The project has been years in the making, and now it's ready to ride. A couple hundred people and local leaders came out in support of it.

"There's a real feel for people being enthusiastic about this," said Jeff Currie, the President of Great Headwaters Trails, which helped lead the bike trail project.

It's supposed to connect Conover to Phelps through nearly 11 miles of paved trail. The first part is open and goes from Conover Community Park to Muskrat Creek Road.

"3.2 miles on the ground and ready to be ridden on biked or hiked," said Brian Blank, the chairman of the Conover-Phelps Trail Capital Campaign.

"When people hear about a town and then when people say, have you seen their bike trail, it's just, right away it's like there's more to that town than I thought there was," Currie said.
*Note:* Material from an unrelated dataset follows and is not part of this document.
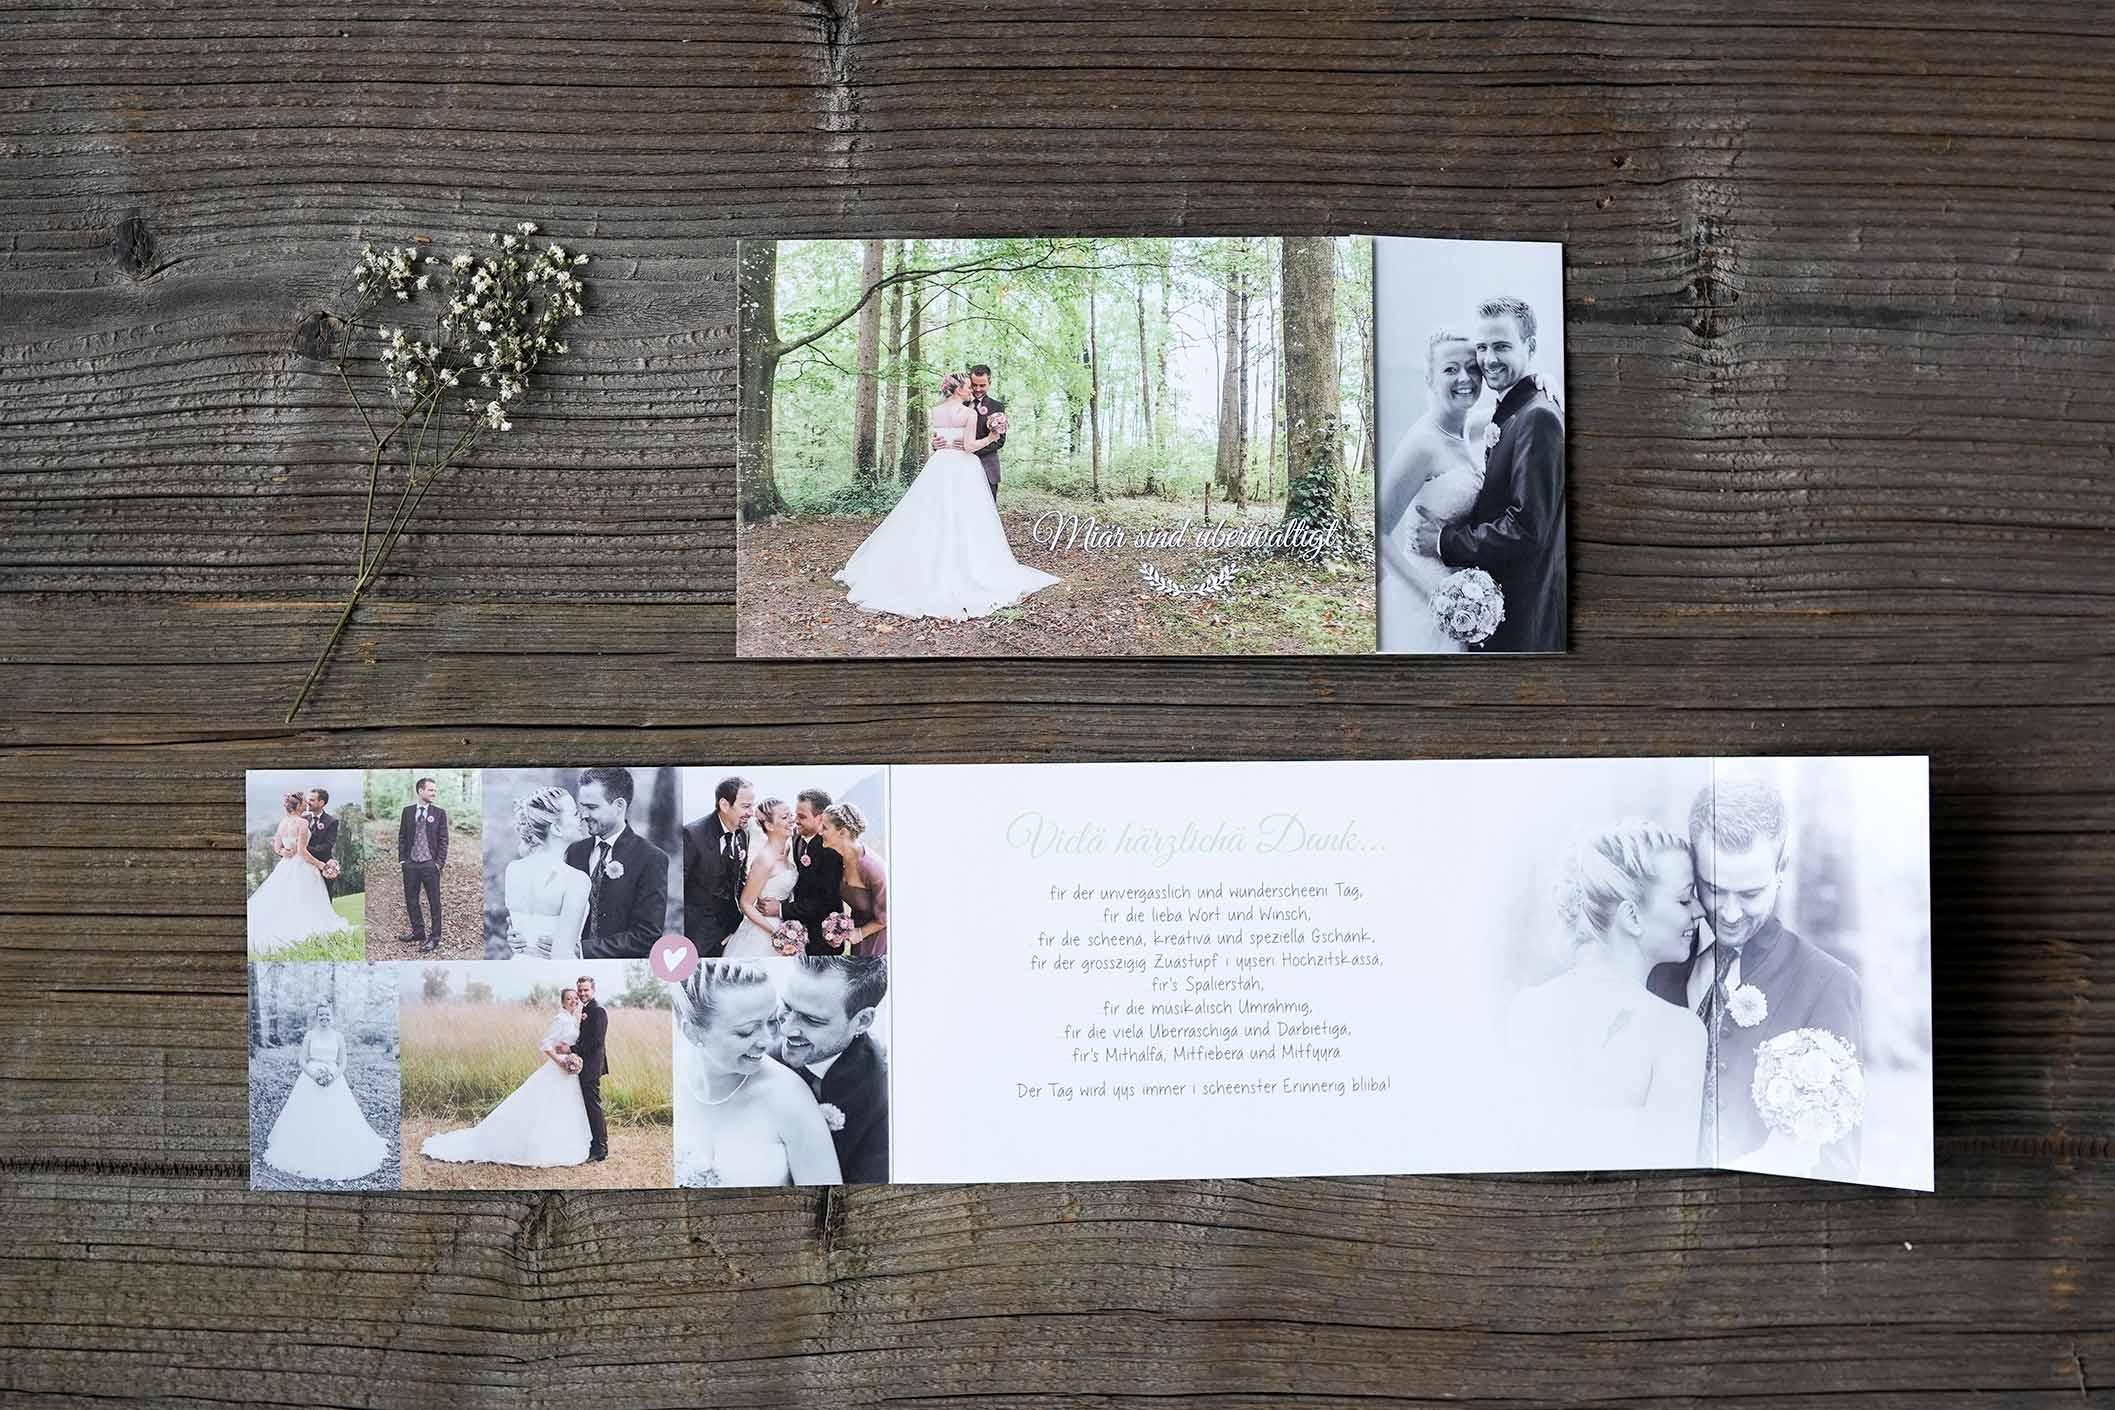 Hochzeitsdankeskarte Stadler

While not yet complete, project leaders are hopeful the trail will be finished soon. Project leaders say the second part of the trail, about five miles long, is fully engineered but about 60 percent funded.

"We're about $200,000 away from completing the remaining five miles," Blank said.

"You know that funding could come, and when it does, five miles of trail in two or three months will be on the ground," Currie said.

"I have no doubt in the next couple years this trail will be completed all the way to Phelps," said Gary Meister, the vice president of Great Headwaters Trails.

The trail is non-motorized so, no ATVs allowed, but it will be a snowmobile trail in the winter.